[Records drawn from a dataset]
***
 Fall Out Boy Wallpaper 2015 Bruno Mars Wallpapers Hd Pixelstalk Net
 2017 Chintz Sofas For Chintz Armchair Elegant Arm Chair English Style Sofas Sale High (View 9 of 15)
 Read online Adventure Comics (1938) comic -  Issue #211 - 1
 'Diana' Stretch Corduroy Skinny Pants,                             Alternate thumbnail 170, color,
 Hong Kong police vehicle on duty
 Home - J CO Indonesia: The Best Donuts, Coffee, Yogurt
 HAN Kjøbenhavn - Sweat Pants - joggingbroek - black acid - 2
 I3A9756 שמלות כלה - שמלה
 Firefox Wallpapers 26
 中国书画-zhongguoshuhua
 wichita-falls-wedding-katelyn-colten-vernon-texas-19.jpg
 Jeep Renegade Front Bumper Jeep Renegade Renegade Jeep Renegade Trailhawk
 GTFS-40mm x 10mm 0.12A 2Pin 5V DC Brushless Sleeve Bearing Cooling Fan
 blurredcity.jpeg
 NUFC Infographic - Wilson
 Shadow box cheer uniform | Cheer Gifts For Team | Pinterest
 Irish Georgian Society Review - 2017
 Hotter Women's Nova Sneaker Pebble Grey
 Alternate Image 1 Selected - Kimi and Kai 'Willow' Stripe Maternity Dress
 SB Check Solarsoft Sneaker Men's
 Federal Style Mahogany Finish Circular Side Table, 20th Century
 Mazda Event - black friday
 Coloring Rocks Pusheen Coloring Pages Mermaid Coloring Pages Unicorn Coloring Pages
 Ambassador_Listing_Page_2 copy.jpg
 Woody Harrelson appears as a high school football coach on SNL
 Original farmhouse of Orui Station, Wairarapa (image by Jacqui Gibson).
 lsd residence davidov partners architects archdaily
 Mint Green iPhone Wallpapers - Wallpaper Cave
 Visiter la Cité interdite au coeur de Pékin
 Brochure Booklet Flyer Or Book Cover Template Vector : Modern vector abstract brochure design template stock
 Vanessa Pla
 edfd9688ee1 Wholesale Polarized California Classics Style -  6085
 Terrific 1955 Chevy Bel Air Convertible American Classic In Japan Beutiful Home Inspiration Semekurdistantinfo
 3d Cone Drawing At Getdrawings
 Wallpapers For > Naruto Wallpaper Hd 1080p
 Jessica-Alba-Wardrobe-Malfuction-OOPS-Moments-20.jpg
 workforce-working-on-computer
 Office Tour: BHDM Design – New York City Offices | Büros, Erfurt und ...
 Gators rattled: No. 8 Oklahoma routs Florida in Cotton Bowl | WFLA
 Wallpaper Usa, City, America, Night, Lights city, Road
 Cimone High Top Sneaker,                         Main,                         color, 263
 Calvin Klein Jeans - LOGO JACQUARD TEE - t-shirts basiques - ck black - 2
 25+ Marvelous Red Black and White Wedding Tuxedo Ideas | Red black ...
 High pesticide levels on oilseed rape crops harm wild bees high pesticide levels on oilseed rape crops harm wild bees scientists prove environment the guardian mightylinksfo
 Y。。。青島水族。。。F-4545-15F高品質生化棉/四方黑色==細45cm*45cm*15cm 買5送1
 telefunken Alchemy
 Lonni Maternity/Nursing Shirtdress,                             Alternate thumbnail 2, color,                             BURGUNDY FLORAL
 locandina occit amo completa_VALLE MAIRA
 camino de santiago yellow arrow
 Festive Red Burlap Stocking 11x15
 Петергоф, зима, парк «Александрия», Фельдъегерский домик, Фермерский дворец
***
■ TO DO ■
Leave out every line above except those from the line with "Hotter Women's Nova Sneaker Pebble Grey" up to and including the line with "Visiter la Cité interdite au coeur de Pékin", and copy those exactly.

■ ANSWER SECTION ■
 Hotter Women's Nova Sneaker Pebble Grey
 Alternate Image 1 Selected - Kimi and Kai 'Willow' Stripe Maternity Dress
 SB Check Solarsoft Sneaker Men's
 Federal Style Mahogany Finish Circular Side Table, 20th Century
 Mazda Event - black friday
 Coloring Rocks Pusheen Coloring Pages Mermaid Coloring Pages Unicorn Coloring Pages
 Ambassador_Listing_Page_2 copy.jpg
 Woody Harrelson appears as a high school football coach on SNL
 Original farmhouse of Orui Station, Wairarapa (image by Jacqui Gibson).
 lsd residence davidov partners architects archdaily
 Mint Green iPhone Wallpapers - Wallpaper Cave
 Visiter la Cité interdite au coeur de Pékin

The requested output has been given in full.